Approximation of a mixture of normal distributions II
The reason that the previous section did not succeed until the end of the deception of the discriminator was the triviality of the generator, which simply did a linear transformation. Let us now try to use a fully connected three-layer neural network as a generator:
def generator(self, input, hparams):
Let's look at the training schedules.
Fig. 16. Probability of classification by the discriminator of a real example as real.
Fig. 17. Probability of classification by the discriminator of the generated example as real.
It can be seen that because of the large number of parameters, the training has become much more noisy. Discriminators of all models converge to about

but behave unstably around this point. Let's look at the form of the generator.
Figure 18. Distribution of real data. Does not change in time. The learning step is postponed on the vertical axis.
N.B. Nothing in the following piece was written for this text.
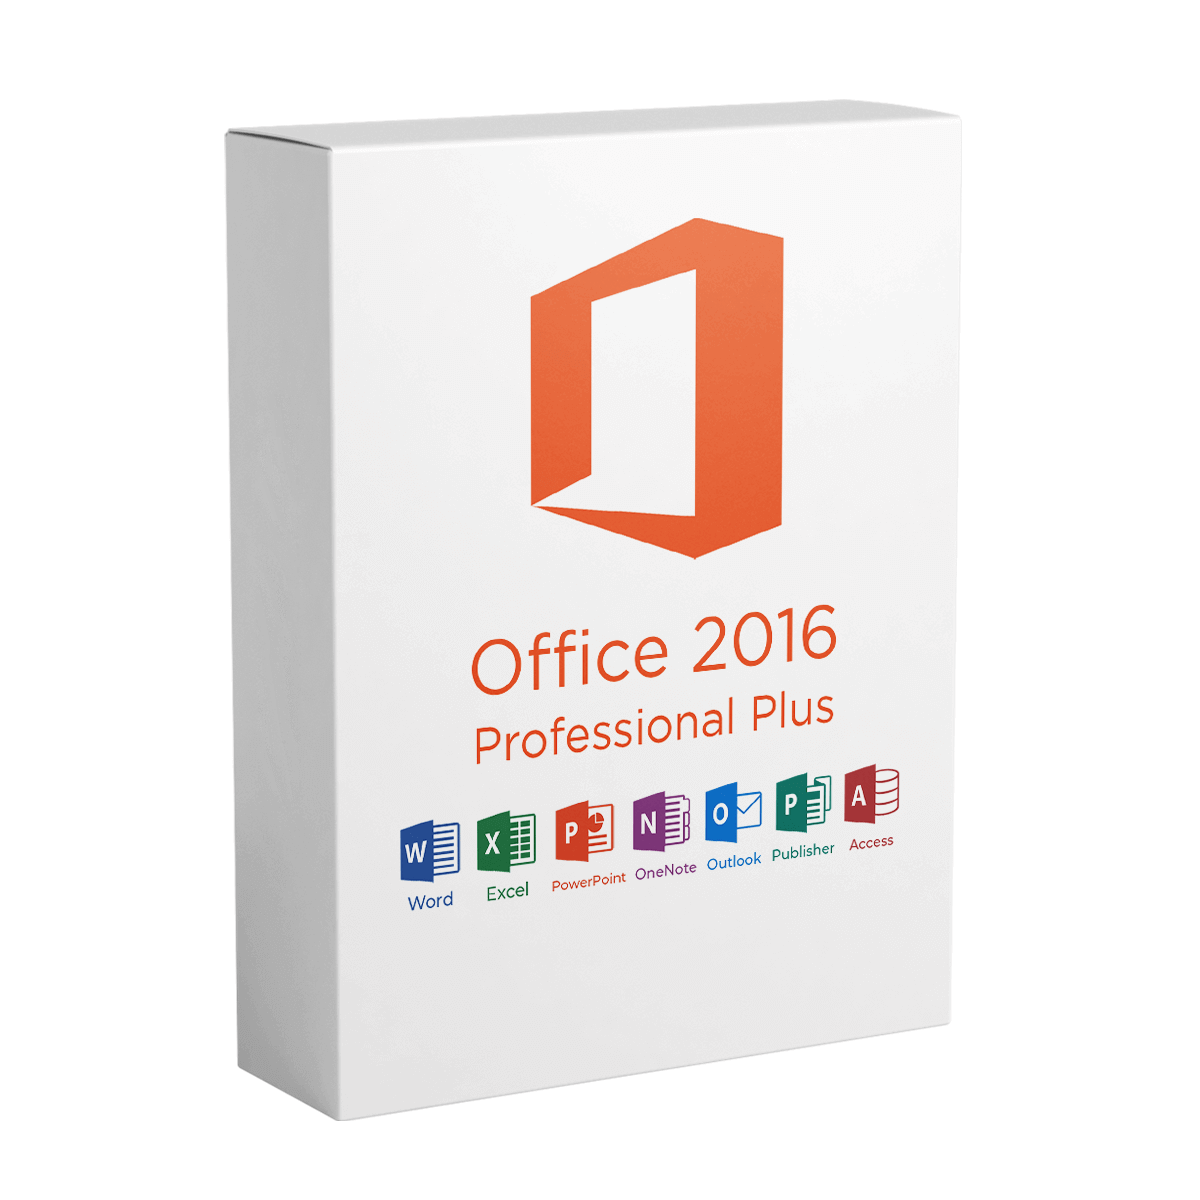 Office 2016 Professional Plus - Lifetime License for 1 PC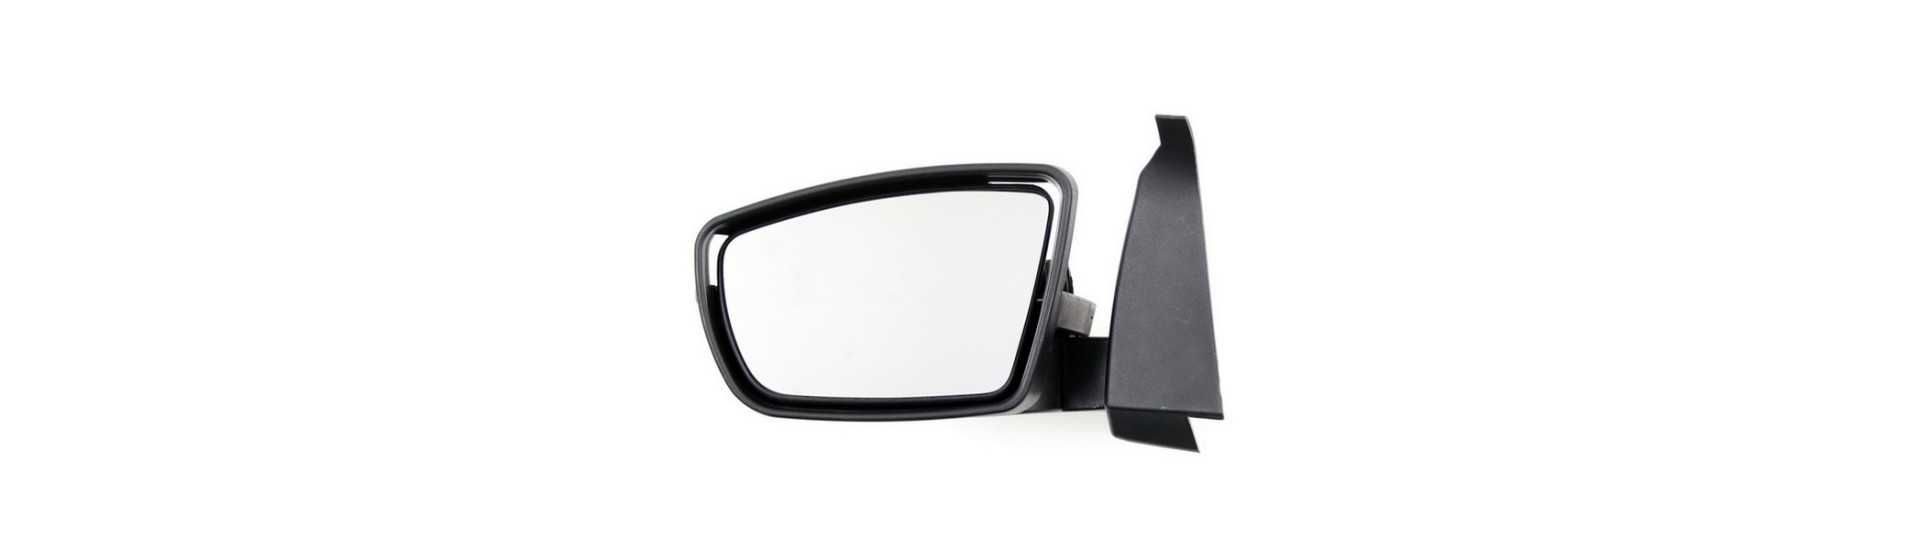 Car rearview mirror and mirror without a permit

Figure 19. Distributions of the generated data from four models. The learning step is postponed on the vertical axis.
It can be seen that the distribution of the generator does not at least coincide with the distribution of data, but is quite similar to it. The most regularized model again showed itself better than anyone. It can be seen that she learned two modes that roughly coincide with the modes of data distribution. Peak sizes are also not very accurate, but approximate the distribution of data. Thus, the neural network generator is able to learn the multimodal distribution of data.
This is how the model is taught:
Fig. 20. Visualization of the learning process of a model with similar mods. The motionless mixture of Gaussians is the distribution density of real data, the moving Gaussian is the distribution density of the generated examples, the blue curve is the result of the work of the discriminator, i.e. the likelihood of an example being present.
Fig. 21. Visualization of the learning process of a model with distant modes. The motionless mixture of Gaussians is the distribution density of real data, the moving Gaussian is the distribution density of the generated examples, the blue curve is the result of the work of the discriminator, i.e. the likelihood of an example being present.
These two animations show learning on the data distributions from the previous section. From these animations it can be seen that when using a sufficiently large generator with a variety of parameters, it is, albeit rather crudely, but capable of approximating the multimodal distribution, thereby indirectly confirming that the problems from the previous section arise from the insufficiently complex generator. The discriminators in these animations are much more noisy than in the section on finding the parameters of the normal distribution, but by the end of the training they begin to resemble a noisy horizontal line.

.
Results
GAN is a model for approximating an arbitrary distribution only by sampling from this distribution. In this article, we looked at the details of how the model works on a trivial example of finding parameters of a normal distribution and on a more complex example of approximating a bimodal distribution by a neural network. Both tasks were solved with good accuracy, which required only the use of a rather complex generator model. In the next article, we will move from these model examples to real examples of generating samples from complex distributions using the example of image distribution.
Thanks
Thank you
Olga Talanova and
Ruslan Login for the review of the text. Thank you
Ruslan Login for help in preparing images and animations. Thanks to
Andrei Tarashkevich for help with the layout of this article.